Every person in Canada has the option to reach out to a Licensed Insolvency Trustee to find a way to reduce their debt and resolve their financial issues.
In this podcast, John Adamson, Licensed Insolvency Trustee, discusses the two most popular options of debt relief. Today’s discussion focuses on the differences between filing a Consumer Proposal and Bankruptcy.
Questions answered include:
- What happens when I can’t service the debt I have
- How a Consumer Proposal affects your credit rating to a lesser degree than Bankruptcy
- Will you lose your car or home when you become insolvent
- The benefits of filing a Consumer Proposal vs Bankruptcy
- How credit counseling can identify problems and help with budget planning for the future
Licensed Insolvency Trustees are federally regulated and approved by the Canadian government. They are the ones that will give you honest advice about all the options that are available for your unique financial situation. Get the facts from an experienced debt expert before you make any decisions.
Read the Transcript
Wayne Kay 0:03
Welcome to another edition of the Debt Matters podcast where we love to help Canadians find solutions to their debt with Licensed Insolvency Trustees from across Canada. My name is Wayne Kay and coming up on today’s show, we’re going to be talking about the different financial tools and options available to someone with debt.
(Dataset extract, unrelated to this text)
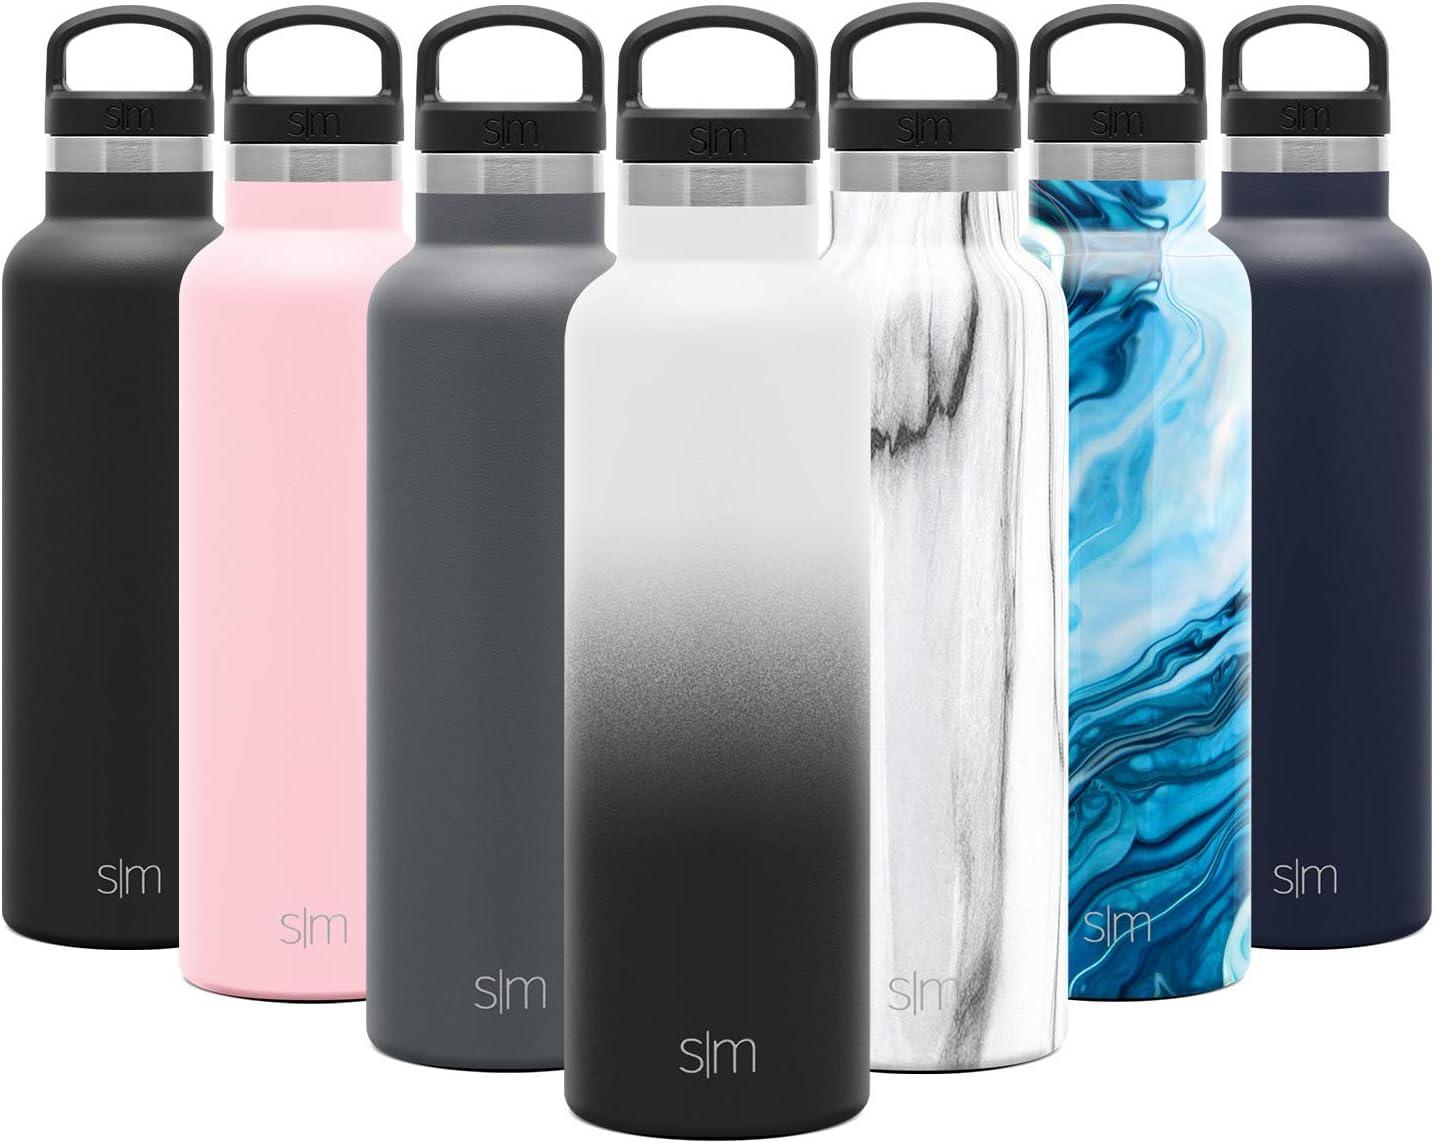 Simple Modern 590mL Ascent Termo Botella de Agua de Acero Inoxidable con Tapa de Asa, Botella termica con Boca Estrecha, aislada al vacío, Doble Pared, sin BPA para Deporte o Viaje, Prueba de Fugas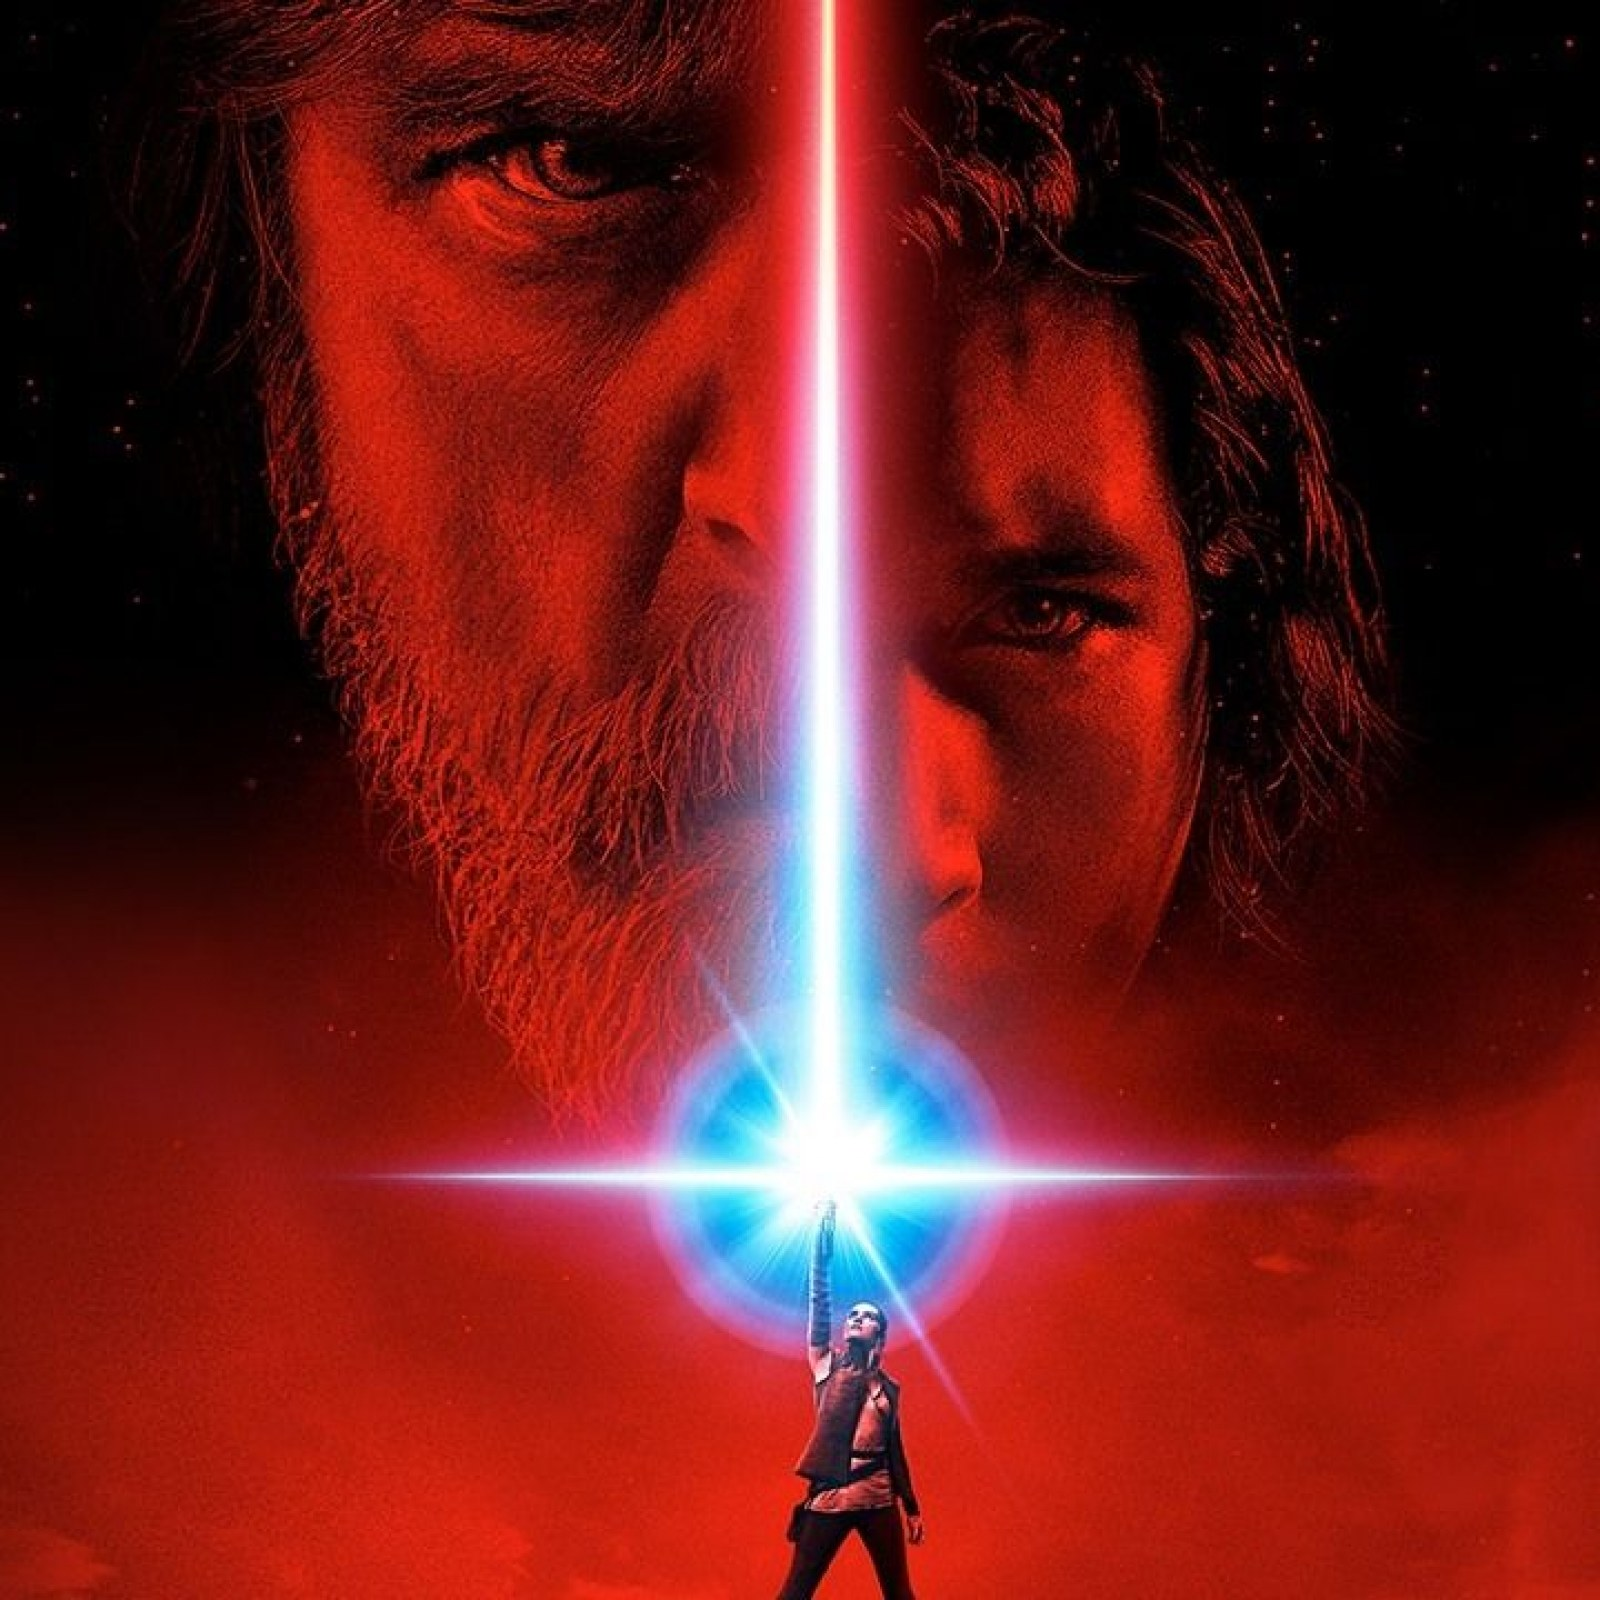 Star Wars The Last Jedi Trailer Teases Rey S Dark Side

And my guest today, John Adamson from Adamson & Associates, Licensed Insolvency Trustee in Ontario. John, thank you very much for being here.
John Adamson 0:29
Thank you.
Wayne Kay 0:29
When it comes to talking about Bankruptcies and financial tools for debt, you’re the guy to talk to. You have been doing this for a few years.
John Adamson 0:37
Yes, over 25.
Wayne Kay 0:38
And still, do you find it quite amazing how people react when they come to you? Big bags under their eyes and stressed out. And all of a sudden, you give them some options, and you see them just sigh a little bit.
John Adamson 0:52
You know what I always say to people – if you feel like after you talk to me there’s a weight being lifted off your shoulders, you’re making the right decision.
Wayne Kay 0:59
Yes. And that happens right across the country, when people learn that there are options. So we’re going to dive into the different options when somebody comes in. And when we talk about debt – what’s the average? Is there an average number? Is that different for every family?
John Adamson 1:16
I don’t think there’s an average number. I think it’s all relative to a person’s situation. The more money you make, the more you spend, and often the more debt you carry. So no, I don’t think there’s an actual number.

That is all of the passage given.